8. Hedge/collapse/priority for critical paths.
9. Warm-up and predictive scaling to picks (tournaments/matches).
10. Synthetics and alerts on P99 and queue time; regular perf reviews.

15) Anti-patterns

One global timeout "for all" and uncontrolled retrays (DDOS itself).
Sticking sessions without the need to → hot nodes.
Large JSONs without compression and field filters.

Synchronous calls to slow external APIs in the "hot path."

Absence of indexes/limits in the database; N + 1 in ORM.
No cache/edge and ETag; persistent complete responses.
A mix of business and technical errors into one "retractable" basket.

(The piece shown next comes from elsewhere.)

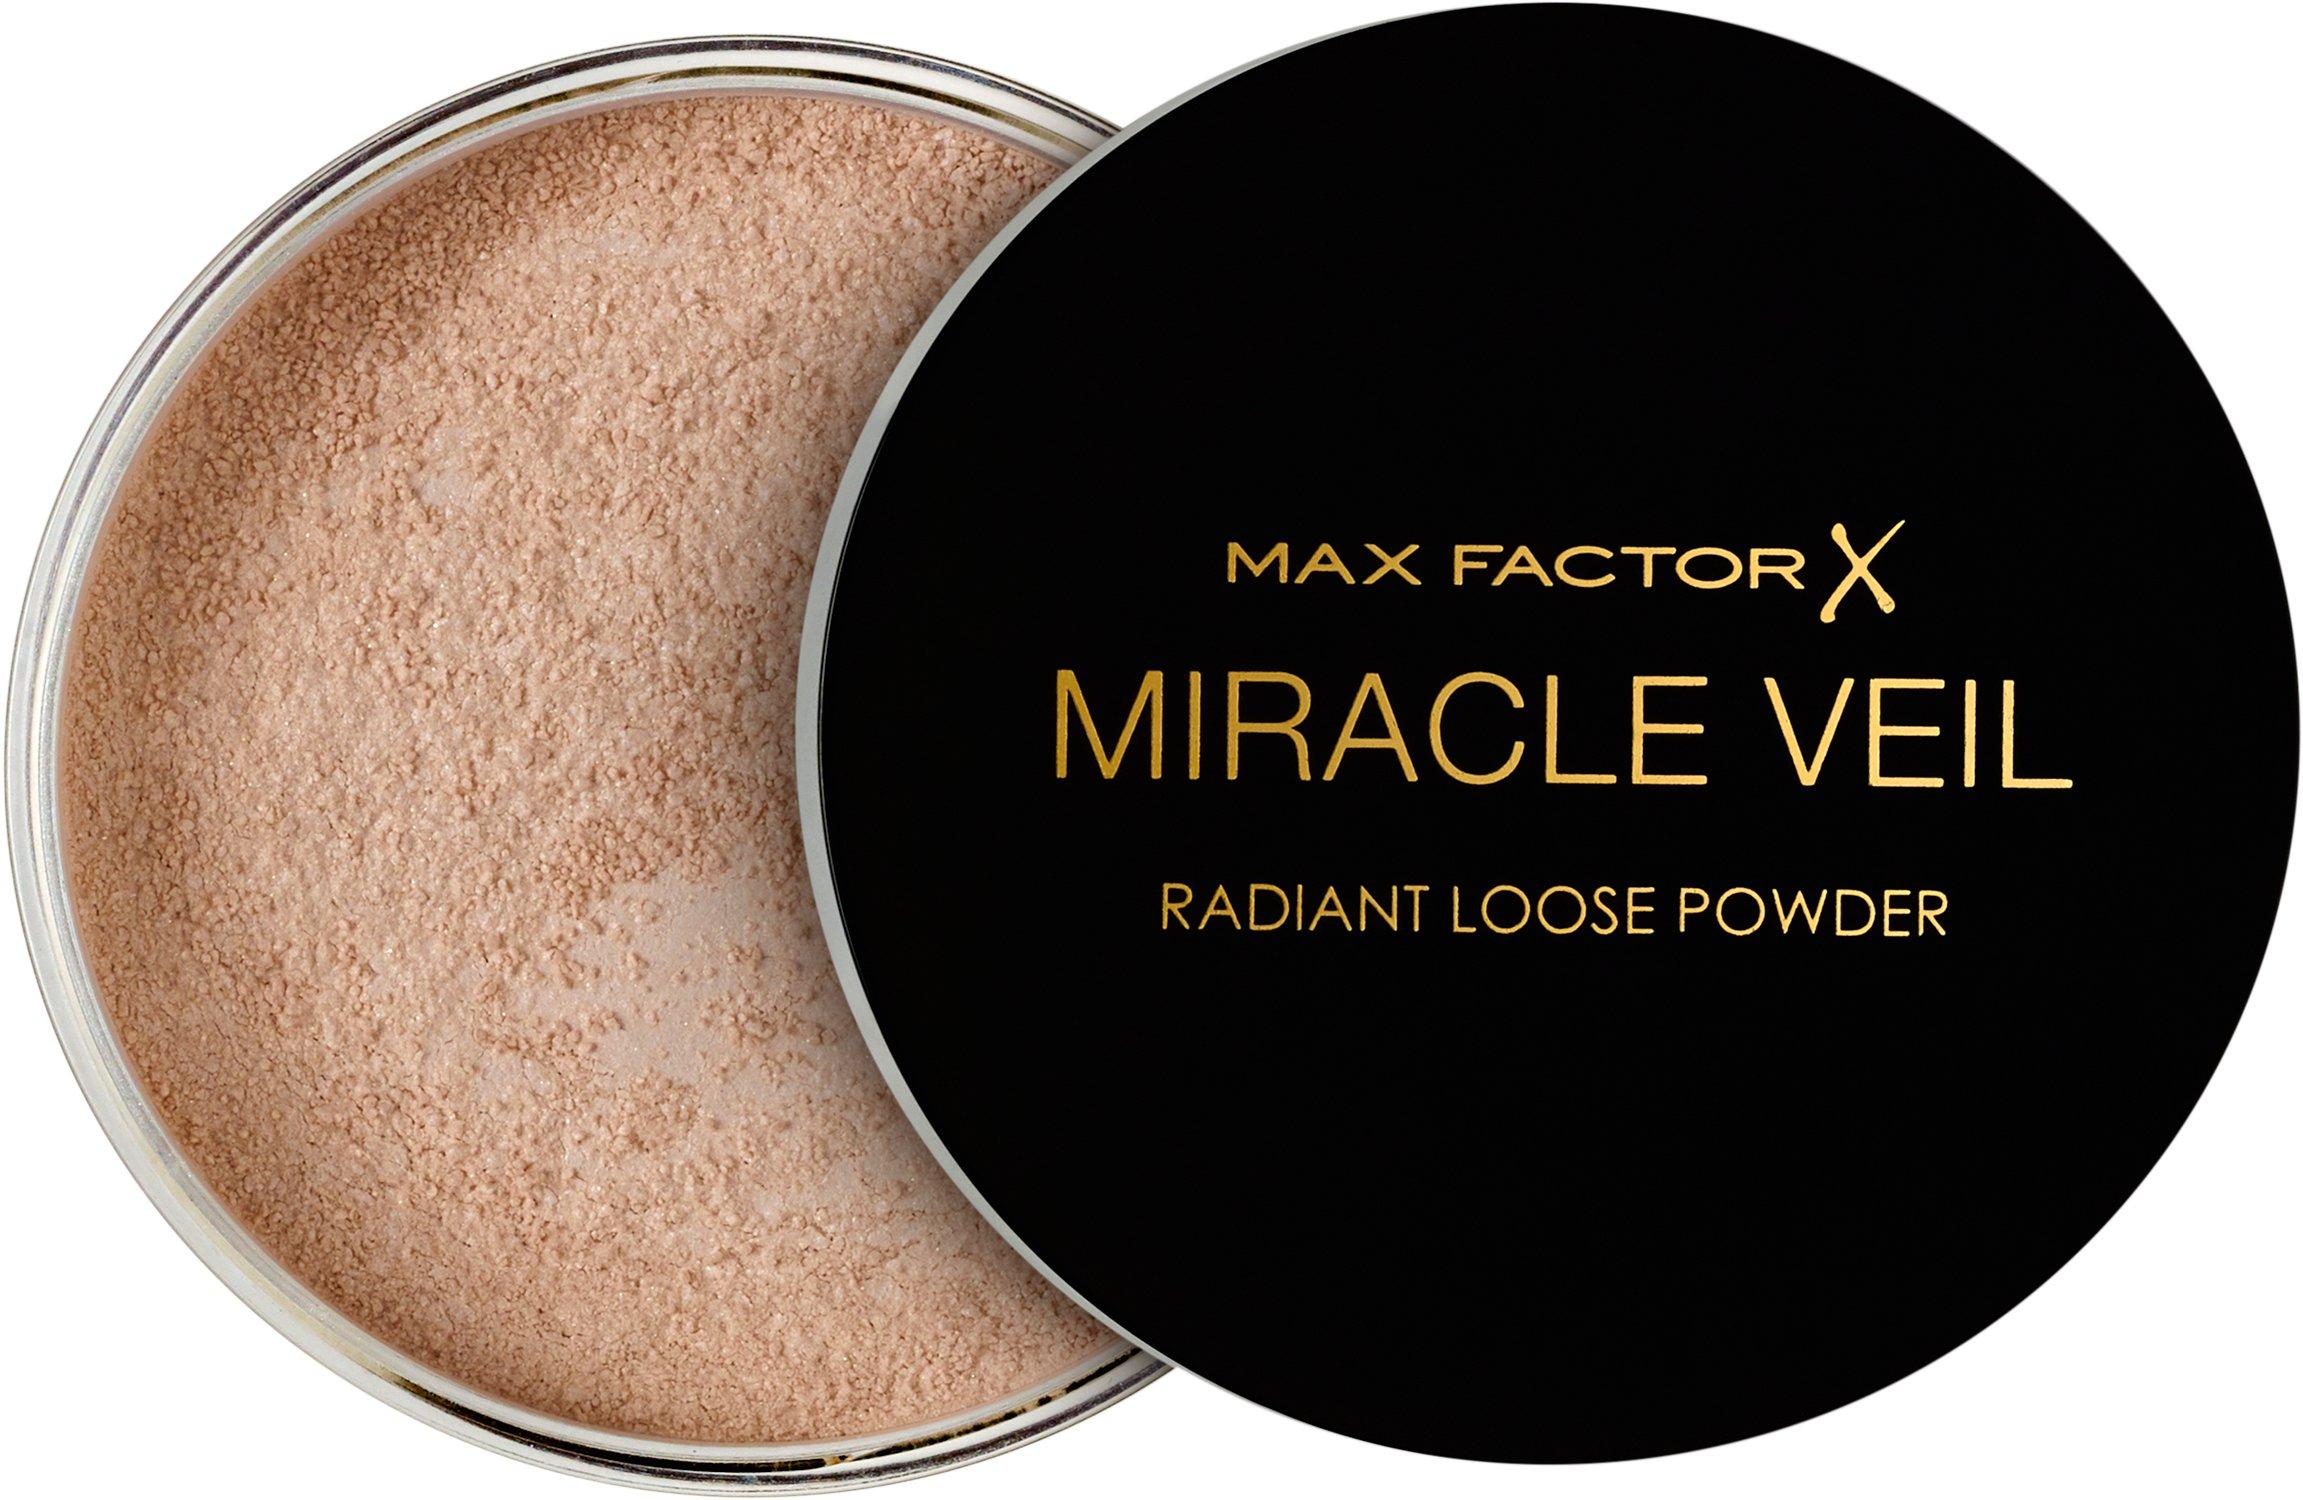 Max Factor - Miracle Veil Loose Powder 4g

16) iGaming context/fintech: practical notes

Reg→depozit (CR): route priority, individual pool, 'P99 ≤ 500ms'; degradation - disable UI "decorations."

PSP integrations: concarrency limits, retrays by time codes, warm connections, regional egress-IP.
VIP operations: guaranteed pool/priority, bypassing public queues.
Tournaments/events: predictive scale, cache warm-up, prefetch.
Reporting: async and SLA on freshness, does not block the production path.

Total

Latency optimization is a discipline of balance: network (HTTP/2/3, TLS), protocols and cache, timeouts/retrays with idempotency, DB/caches, asynchronous patterns and P95/P99 observability. By focusing on the tails and eliminating the "narrow necks," you stabilize the response, improve conversion and lower the cost per millisecond - where it really affects the business.